LA LOCURA EN LA LITERATURA DE CERVANTES

Locura y genialidad van, muchas veces, de la mano. El primer genio de nuestra literatura, creador de la primera, en importancia, creación literaria del segundo idioma más hablado de la Tierra, utilizó la locura a modo de aglutinante en muchas de sus creaciones. ¿Quién no evoca la figura —triste figura— de don Quijote cuando se habla de un ser “enloquecido” por las lecturas? Cierto es que la locura era un motivo frecuente en la literatura del Renacimiento, como demuestran las obras de Ariosto y de Erasmo de Rótterdam, entre otros, pero Cervantes hace de ella un personaje más: su intermitencia, su intensidad y sus manifestaciones se corresponden con la veleidad de una dama protagonista.

Don Quijote es un loco en lo concerniente a su interpretación de la trasnochada caballería andante, pero sus intervalos de lucidez aportan la fuerza de la verdad a las palabras salidas de la boca de un loco cuando no lo es: nada le importa ni le condiciona. Y esa es la auténtica fuerza del enajenado.

Su mayor locura es, sin duda, su ideal ético del modo de vida: defender la justicia en el mundo. Ya en la época —no globalizada aún— de Cervantes dicho ideal constituía, de por sí, una inmensa locura, inaprensible a cualquier intelecto perfectamente contextualizado.
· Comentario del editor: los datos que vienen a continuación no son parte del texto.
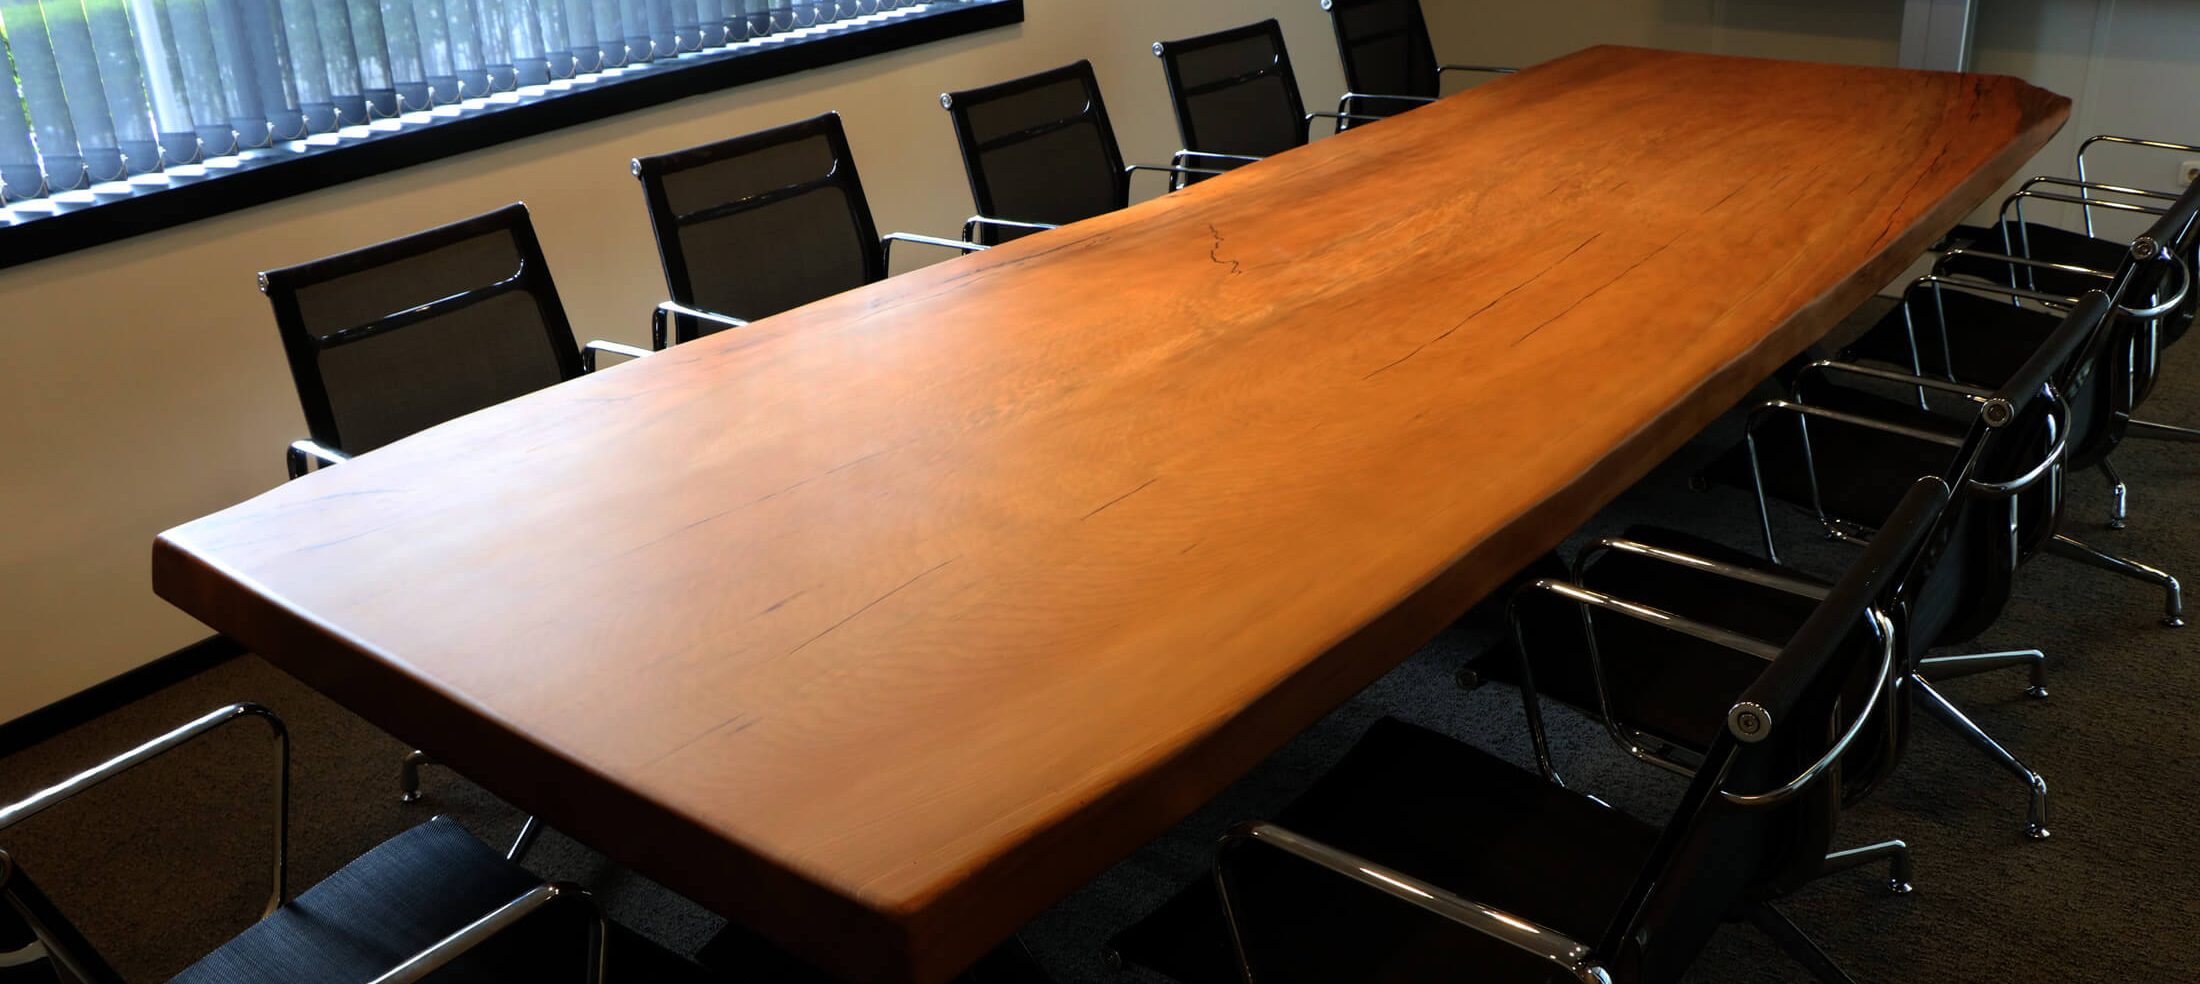 Konferenztisch - Kauri Tisch

De ahí el sentimiento amargo que despierta su fracaso. No de no poder obtener su fin, sino de saberlo imposible de alcanzar.

La realidad pesa como una losa sobre el ánimo del observador que acompaña las andanzas del último caballero y sufre su penitencia en separarse de esta realidad tangible. Pero, ¿cuál es la realidad auténtica? Platón nos decía que el hombre sólo percibe de la realidad una especie de sombras chinescas que nos hacen creer que vemos, pero que no comprendemos. Y ahora, hace unos días, hemos sabido por la publicación de los resultados de los experimentos del cern con el acelerador de partículas y los neutrinos que a la realidad que creemos conocer, de tres dimensiones espaciales —más una cuarta a la que llamamos tiempo—, posiblemente haya que añadir una quinta, de momento, ignota, ni siquiera imaginada. Entonces, ¿cuál es la realidad de la que se aparta el visionario deseoso de aventuras?
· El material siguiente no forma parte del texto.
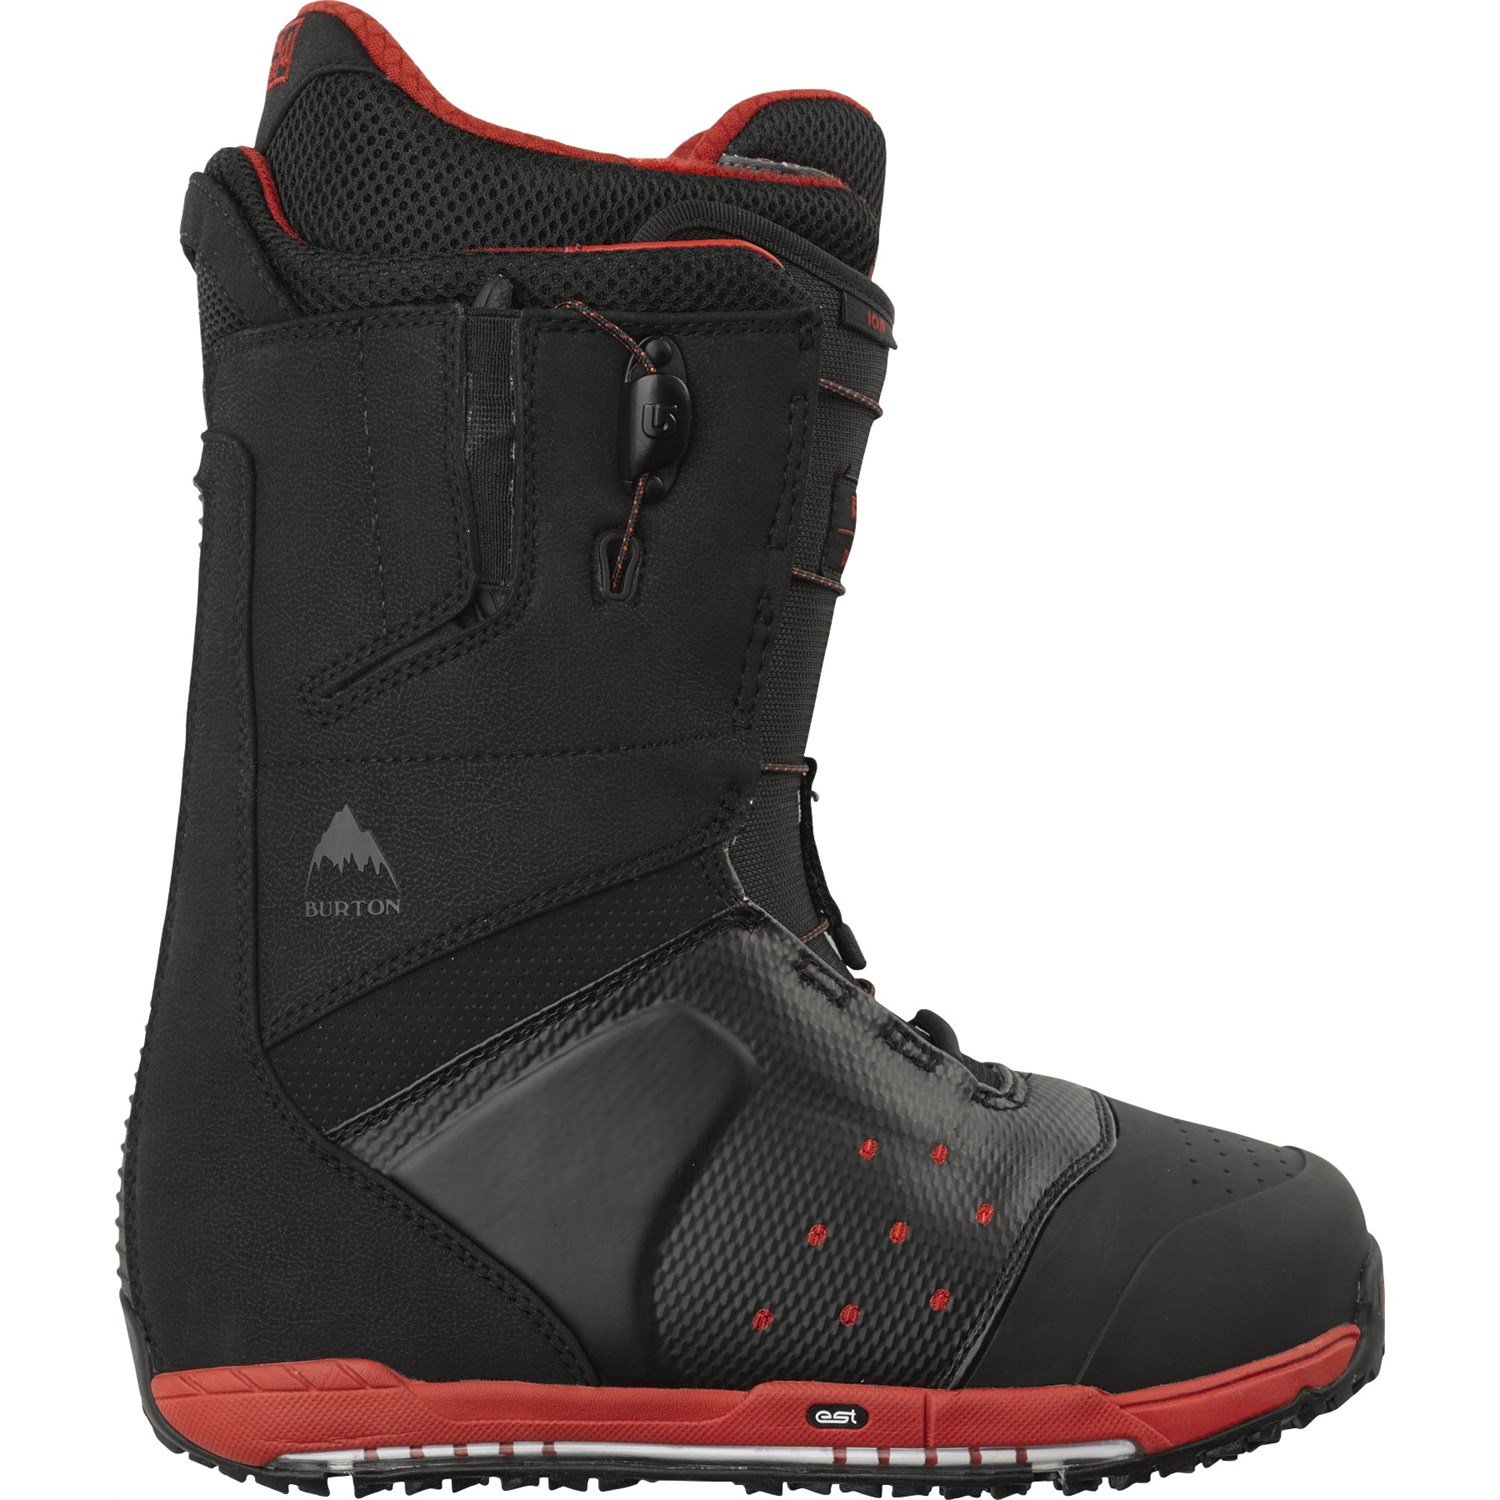 Het formulier invoeren straal Burton Ion Snowboard Boots 2014 | evo

Hemos tenido la fortuna y el privilegio de contar con la sapiencia y el trabajo de distinguidos profesores y estudiosos de las universidades de Texas, Melbourne, Cambridge, Méjico, James Madison, Jerusalén y también de las universidades de Castilla-La Mancha, Navarra, Carlos III de Madrid, Pompeu Fabra, La Rioja, La Laguna, San Pablo CEU de Madrid y de la Complutense.

Auténtico elenco internacional prestigioso. Hemos diseccionado las alegorías de la locura en el Quijote, las particularidades lingüísticas de la locura en la traducción, la metáfora arbitrista como representación de la locura en el Quijote, hemos hablado de la locura de la fama, el eterno retorno y el universo antrópico en Cervantes, de Cervantes, Quevedo y la locura, de muerte y locura, de la inducción a la locura en el primer narrador del Quijote, del Licenciado Vidriera y la medicina renacentista, de la metodología del diagnóstico y la cura de la locura en la España del siglo XVII, de la reescritura de la locura en adaptaciones musicales cervantinas, de El Loco de Sevilla, del Persíles, del Satiricón, hemos comparado lecturas de locura y lecturas de cordura, hemos analizado la culminación de la follie literarie, y muchos otros temas adyacentes.

Sólo me queda dar las gracias a los participantes por ilustrarnos en las materias de su especialidad, por engrandecer cada día la figura de D. Miguel de Cervantes con sus trabajos; agradecezco al embajador de España, D. José Cuenca, su presentación de estas jornadas, a Sonia Sebastián y Pablo Alonso la logística de la Casa, y, muy especialmente, a nuestro querido Jesús G. Maestro, por haber puesto en pie y culminar con éxito este I Coloquio Internacional sobre La locura en la literatura de Cervantes, un granito de arena más en su producción, en esta creación de una pirámide a la que vive dedicado, que es el cervantismo universal. Muchas gracias, Jesús. Muchas gracias a todos.